Personal information
- Full name: Nathan Clarke
- Born: 27 October 1979 (age 45)
- Original team: Maroochydore
- Height: 186 cm (6 ft 1 in)
- Weight: 80 kg (176 lb)

Playing career^{1}
- Years: Club / Games (Goals)
- 2000–2002: Brisbane Lions (AFL) / 6 (4)
- 2004–2010: Eastlake (AFL Canberra) / 1+ (?)
- 2011: Brisbane Lions (NEAFL) / 1 (4)

Coaching career^{3}
- Years: Club / Games (W–L–D)
- 2004–2010: Eastlake (AFL Canberra)
- 2011–2012: Brisbane Lions (NEAFL) / 40 (22–17–1)
- ^{1} Playing statistics correct to the end of 2001.^{3} Coaching statistics correct as of 2012.

= Nathan Clarke (Australian footballer) =

Australian rules footballer

Nathan Clarke (born 27 October 1979) is a former Australian rules footballer who played with the Brisbane Lions in the Australian Football League (AFL).

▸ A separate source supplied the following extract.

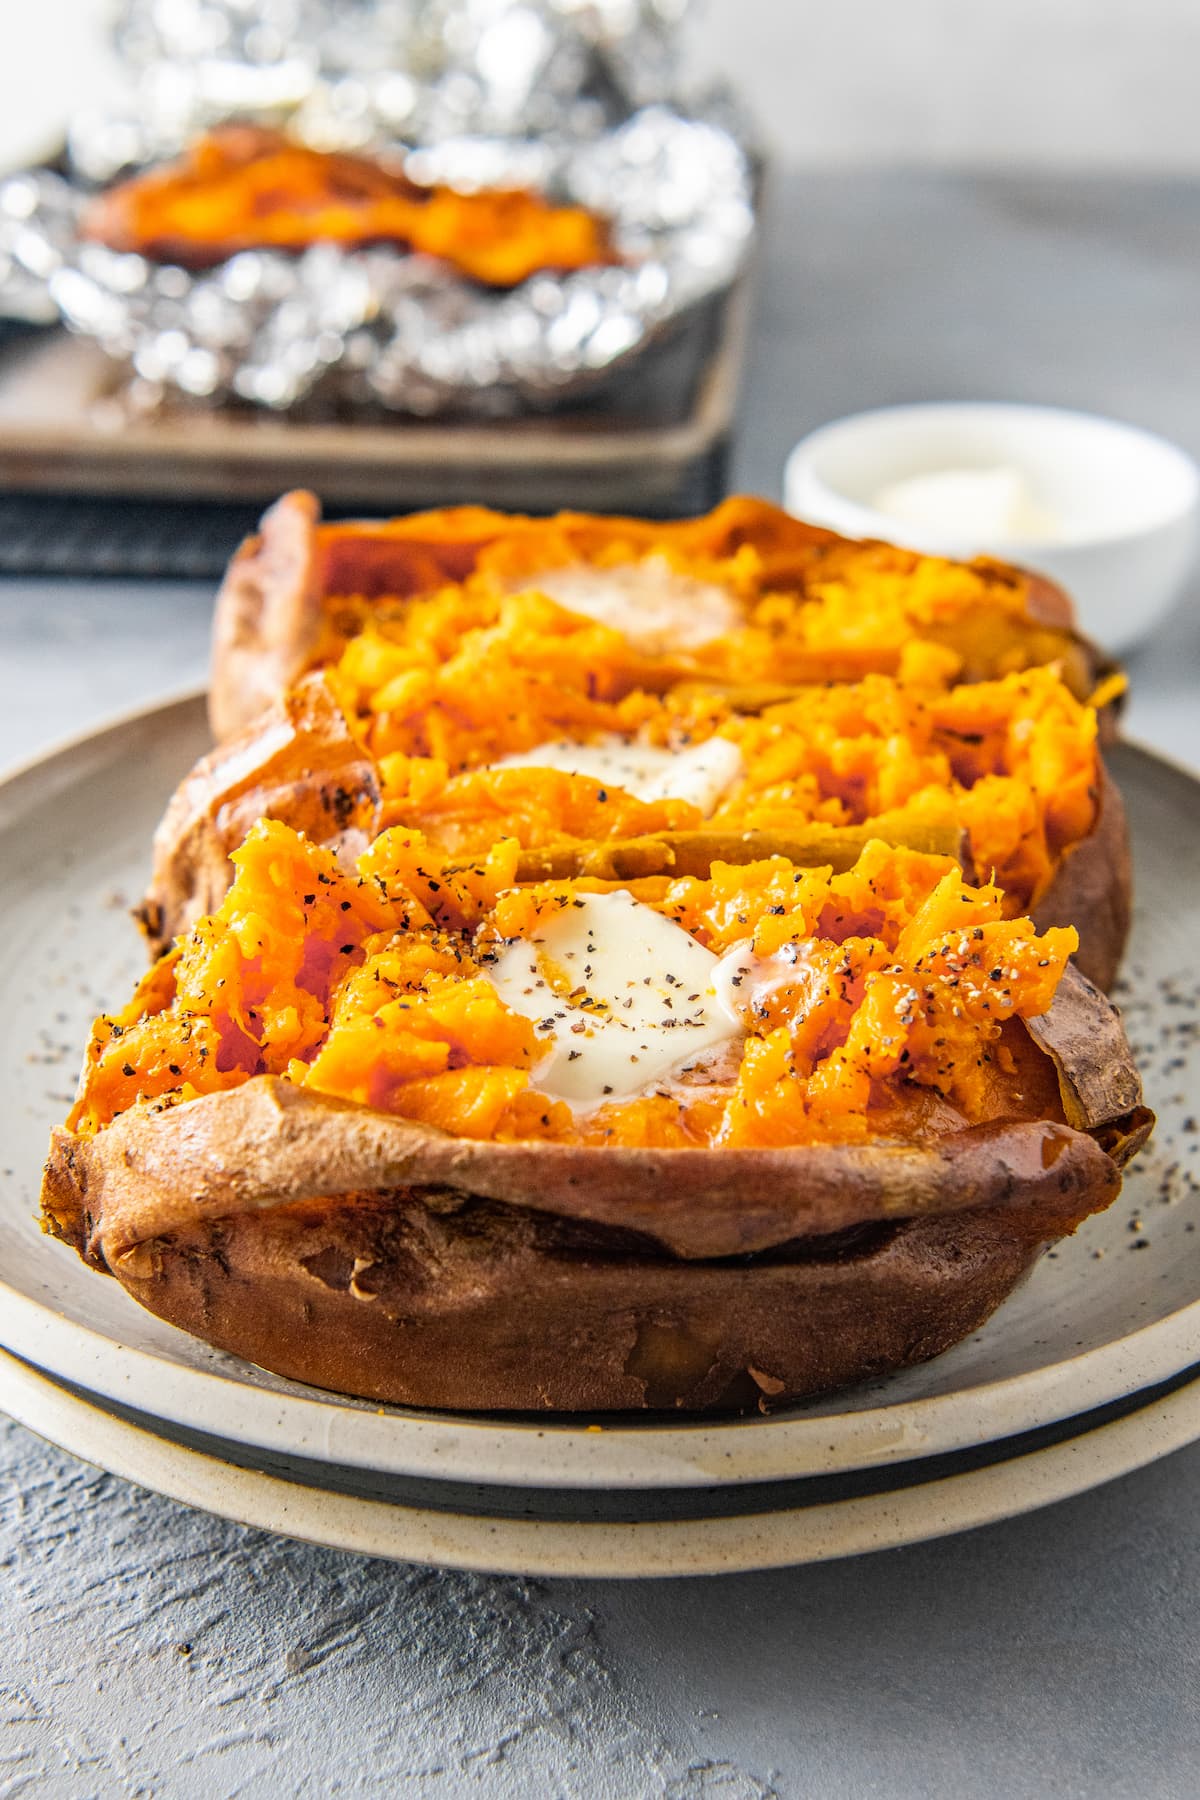 three baked sweet potatoes with butter, salt, and pepper on a plate

Clarke was recruited by Brisbane through the rookie draft, from Maroochydore in Queensland. His father, Barry, is a half forward flanker in the state's official Team of the Century.

A utility, he played his first game late in the 2000 AFL season, against Hawthorn at the Gabba. In a memorable league debut, Clarke kicked two goals, took 10 marks and had 18 disposals. After appearing just twice in 2001, a Brisbane premiership year, he was delisted by the Lions. Clarke then nominated for the 2001 AFL draft and was redrafted by Brisbane with pick 45, which they had received in the Trent Knobel trade. He wasn't able to break into the seniors in 2002 and was delisted again, at the end of the year.

He coached the Brisbane Lions reserves side, who compete in the North East Australian Football League Northern Conference, to two premierships in 2011 and 2012. Previously, he played in Canberra, where he captain-coached Eastlake.